The bill will almost certainly not become law in its current form. As written, it is almost guaranteed to increase the budget deficit by trillions over 10 years, and quite possibly keep increasing the deficit after 10 years are up.
That’s a big problem: Under Senate rules, some legislation can pass with only 51 votes only if it doesn’t increase the long-run deficit. So the current draft of the legislation would probably need 60 votes instead, meaning significant Democratic support, which Republican leaders haven’t been even trying to court. They need legislation that can pass with 51 votes, and for that, they need the bill to not raise the long-run deficit.
The Senate has proposed legislation that meets those requirements, largely by making individual tax cuts expire while making corporate cuts permanent. If the House passes their bill and the Senate passes theirs, they’ll have to hammer out a version in conference committee that satisfies House leaders while not running afoul of the long-run deficit rule.
Who gets tax cuts, and tax hikes, under the bill
Before delving into the bill’s details, it’s worth taking a moment to consider who, all told, comes out ahead and behind.
The nonpartisan Tax Policy Center has modeled the effects of the legislation as reported from the House Ways and Means Committee, and estimated how it affects each income group on average. Here’s the big picture:
The story is very different in 2018 compared to 2027, because two major provisions expire before the end of ten years: a $300 "family credit" for adults, and a provision letting businesses immediately deduct the cost of all their investments. The expiry of those provisions, particularly the family credit, hits low-income families harder than rich ones.
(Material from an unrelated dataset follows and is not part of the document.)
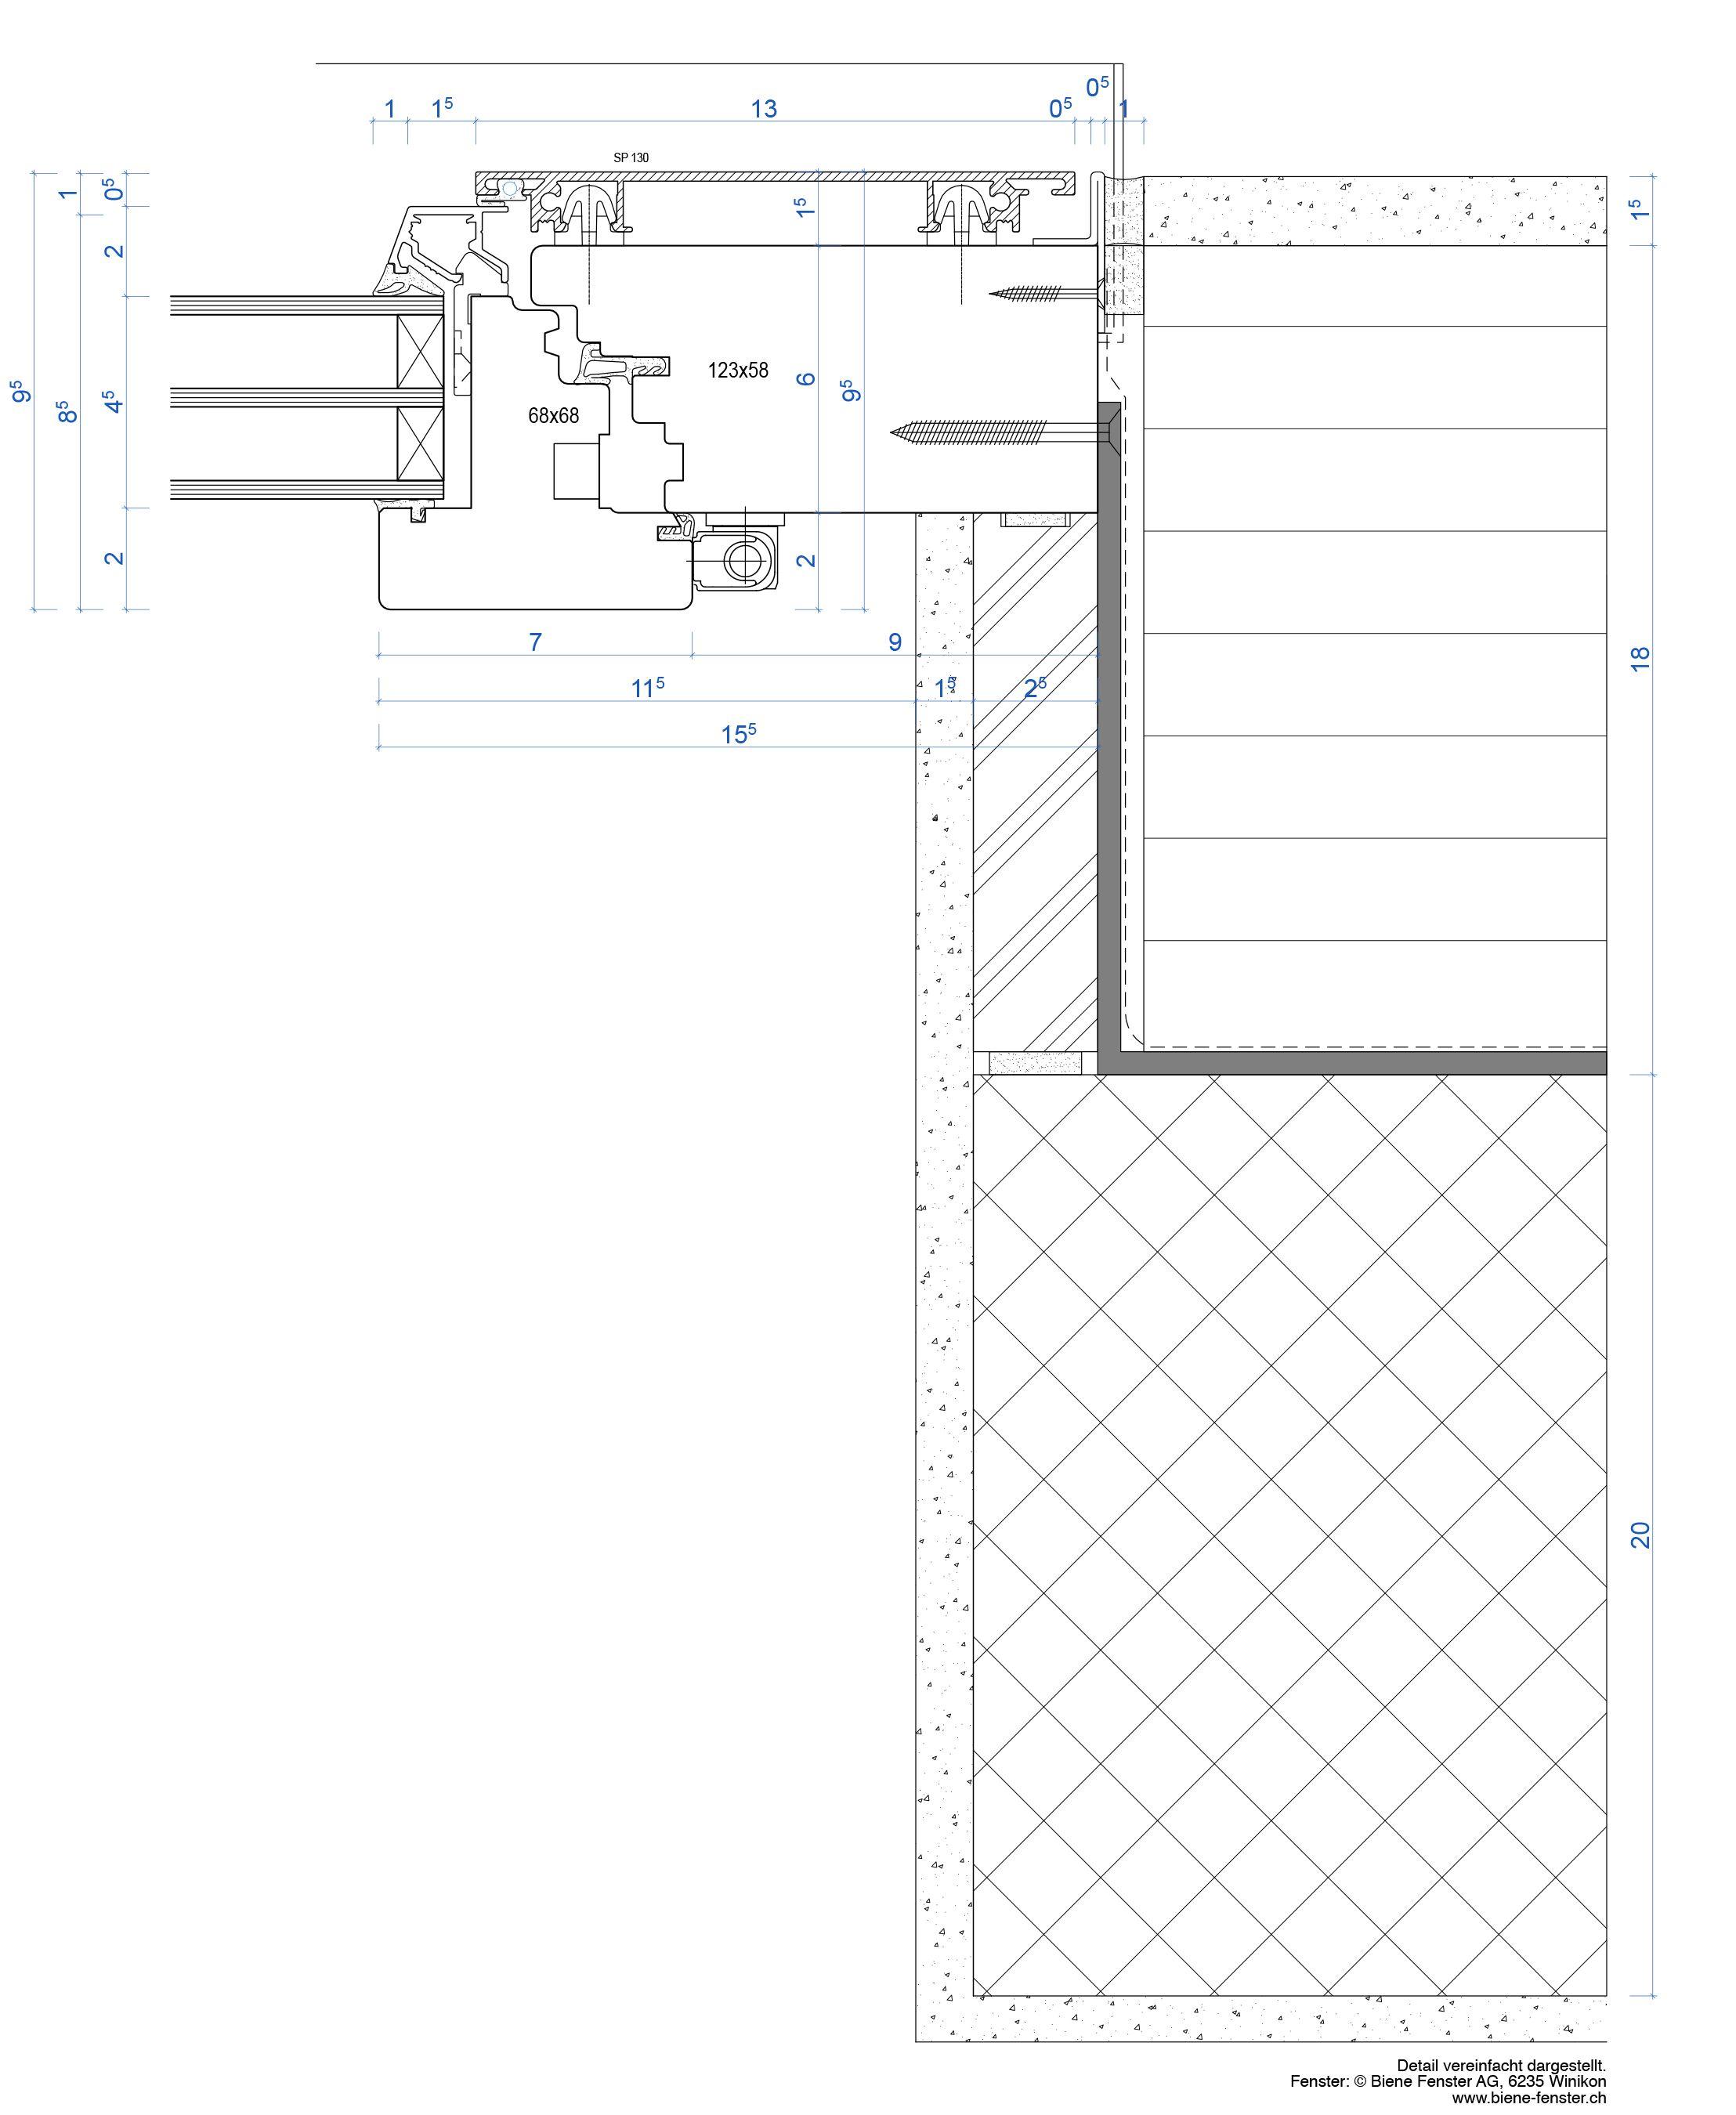 Holzbau detail fenster  ETH Zürich | D-ARCH / BUK / Dokumentation / Fenster aussenbündig ...

So while most groups see a tax cut in 2018, with the biggest gains going to the rich, by 2027 the bottom 95 percent gets very little, with the gains intensely concentrated at the top.
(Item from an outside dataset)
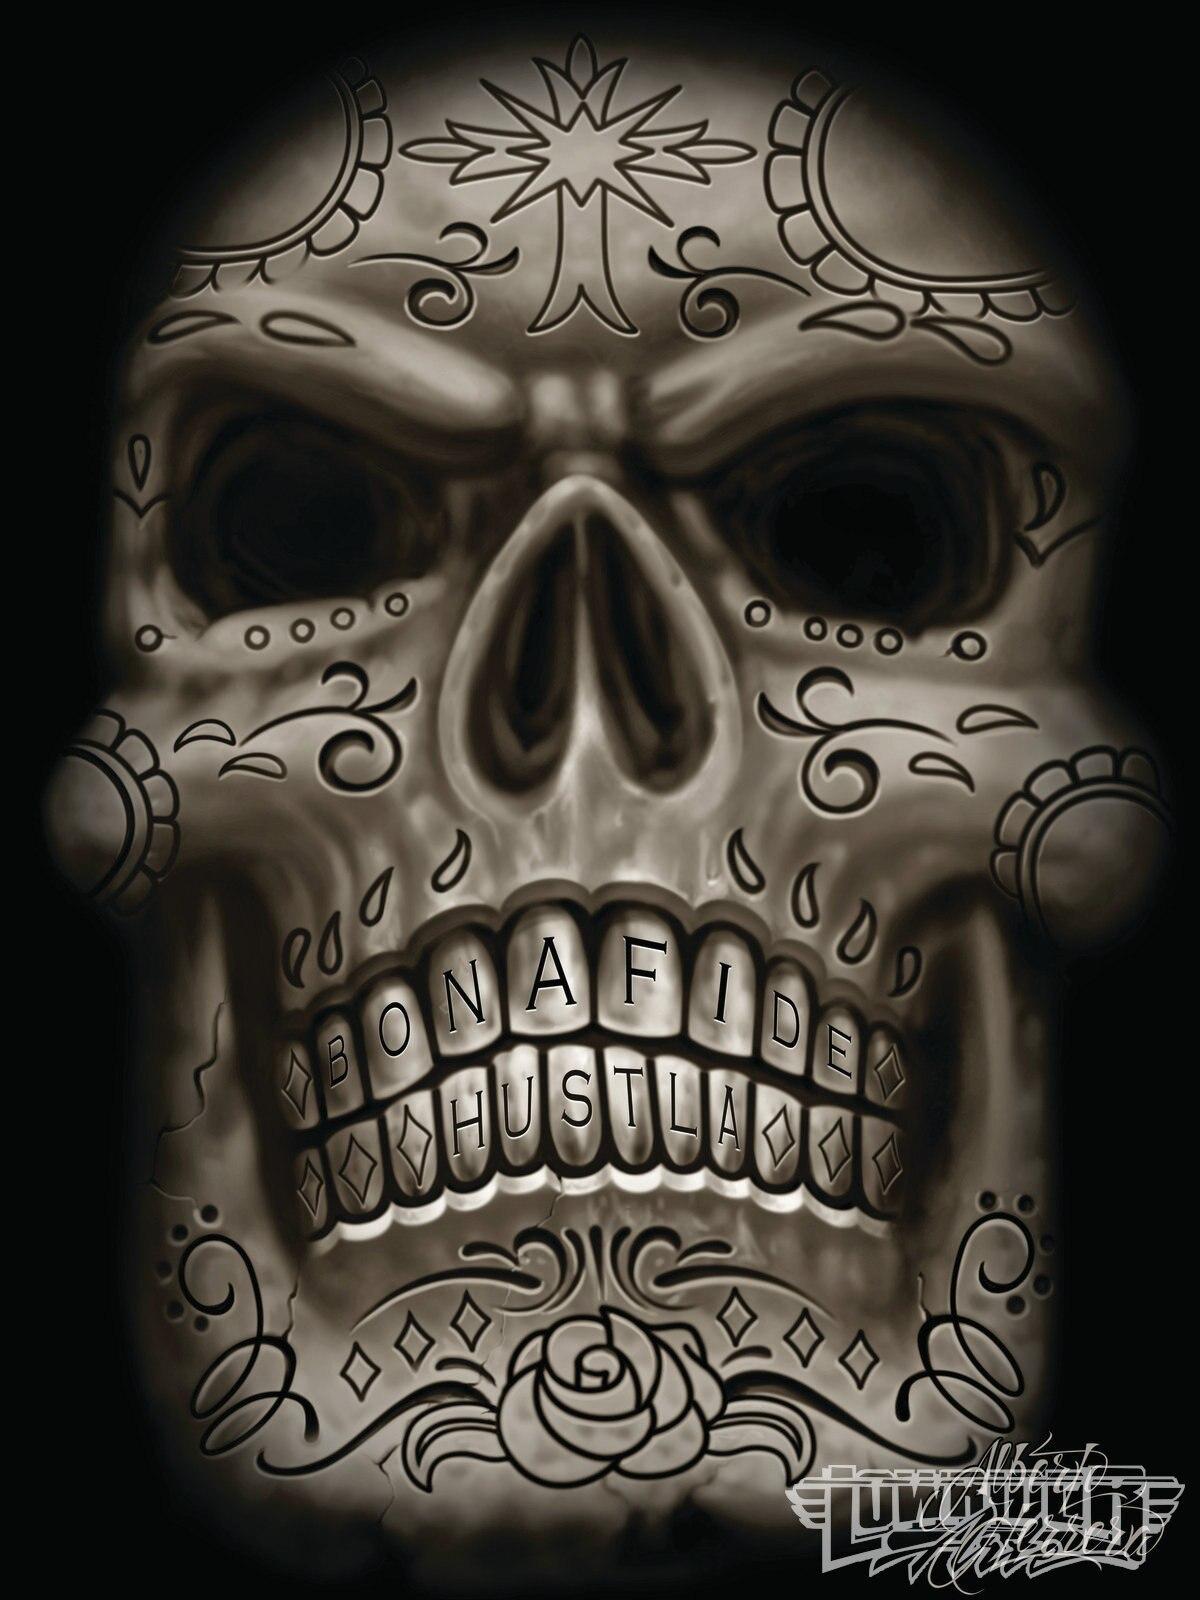 Lowrider Arte Aztec Drawings Lowrider Arte Wallpaper – Wallpapers Browse

You can see this in more granular detail in the following table. TPC finds that the top 5 percent of taxpayers earn 64.6 percent of the benefits from the cuts by 2027:
But these averages obscure important differences within income groups. Some people earning $200,000 a year will pay less in taxes in 2027. But others will pay more, which can be obscured by a finding that, say, the 80-90th percentiles as a whole will get a $810 tax cut on average.
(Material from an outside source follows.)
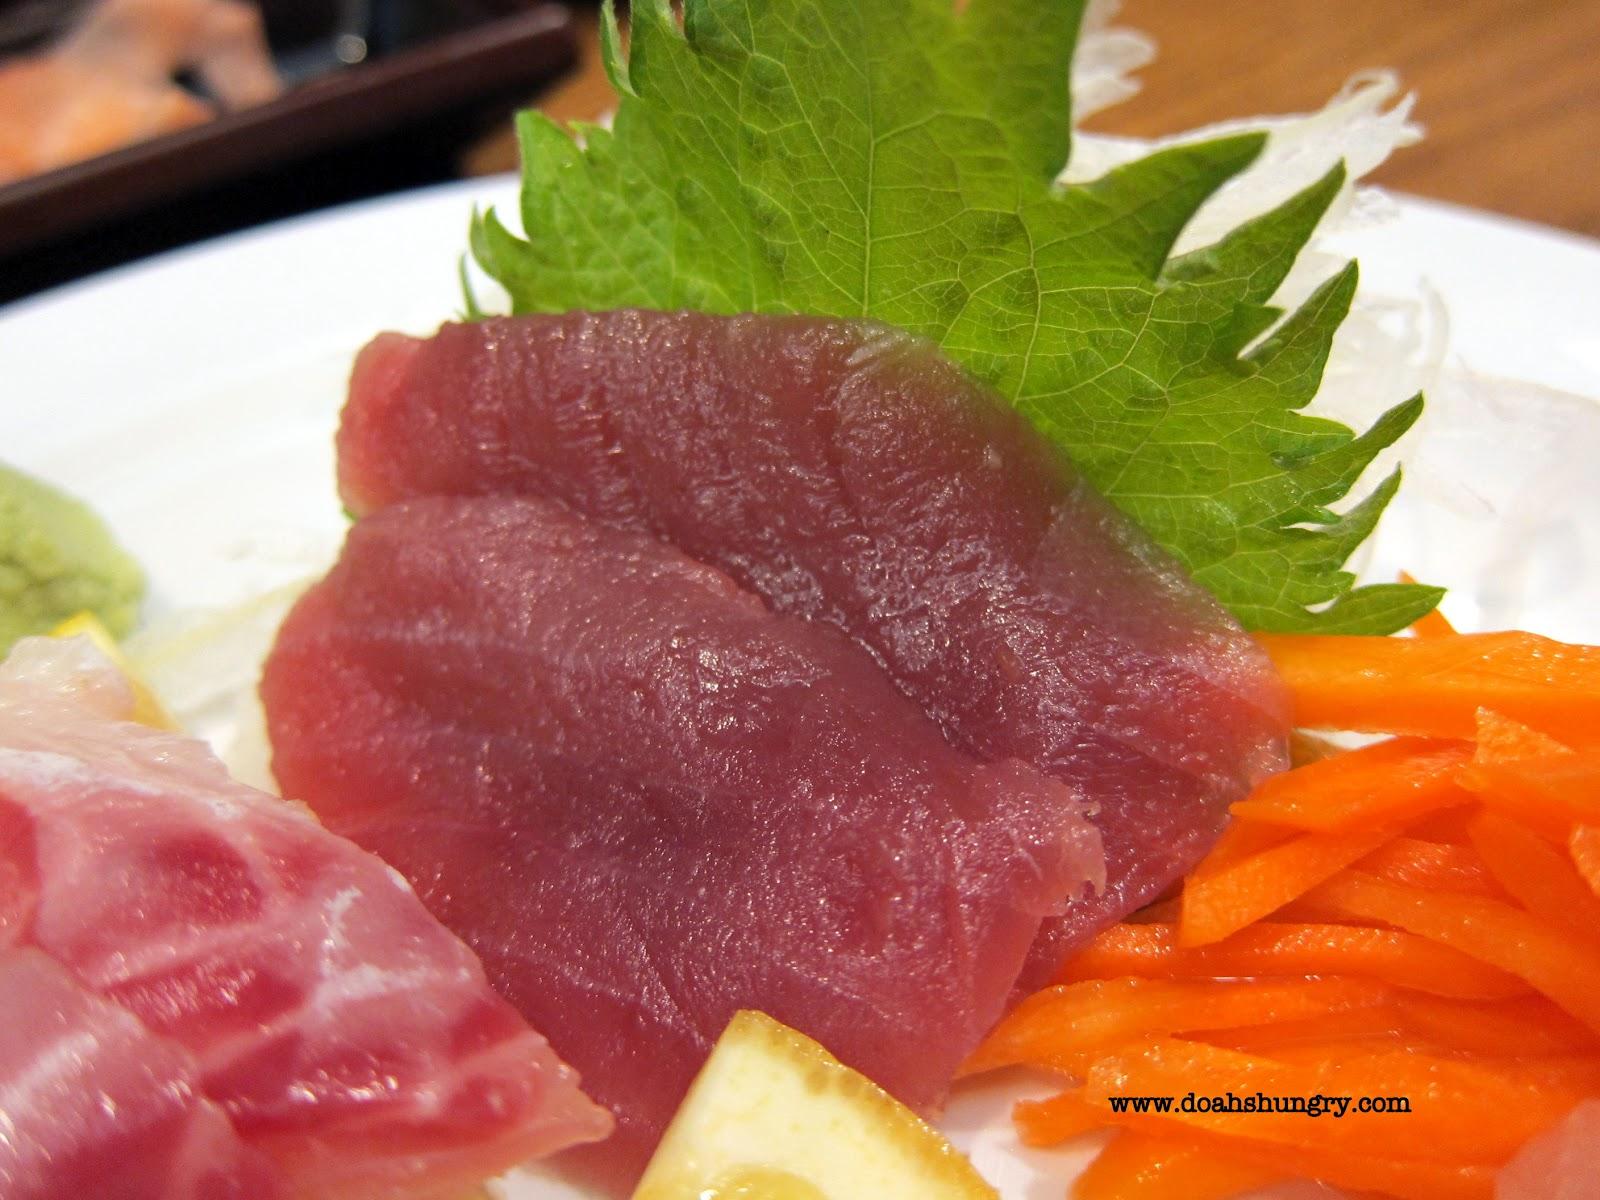 Doah's Hungry: Sushi Stop

TPC modeled out for both 2018 and 2027 what share of each group will see taxes go up and down. Here’s 2027:
Overall, 61.4 percent of taxpayers see their taxes cut, with an average cut of $2,410; but 24.2 percent see their taxes go up, by $2,080 on average.
These percentages vary widely between income groups. Within the 90-95th percentiles, people earning between $225,400 and $304,600 a year, 45.1 percent would see their taxes go up. But only about 13 percent of the poorest fifth of Americans would see a tax hike.
The bill would be good for corporations and the wealthy
So who, broadly speaking, wins under the bill?
- Corporations, broadly, are the focus of most of the tax cuts. According to the Joint Committee on Taxation, cutting the corporate tax rate from 35 percent to 20 percent, as the bill does, costs nearly $1.5 trillion over 10 years. They also gain new, more favorable treatment of income earned abroad, which is either not taxed or taxed at an even lower rate than 20 percent.
- Wealthy, particularly ultrawealthy people, who tend to earn a disproportionate share of their income from capital (like stock sales and dividends) and thus benefit from cuts to the corporate tax, which is largely a tax on capital. If the corporate tax also reduces wages, as some conservative economists allege, then corporate cuts still disproportionately help the wealthy, as a huge share of wages go to high earners, not low- or median-wage workers. Additionally, the pass-through cut could enable some wealthy people who either own pass-throughs or create new ones to shelter some of their income from high rates. Both TPC analysis and the Joint Committee on Taxation confirm that the richest Americans get the biggest cuts as a percentage of their income.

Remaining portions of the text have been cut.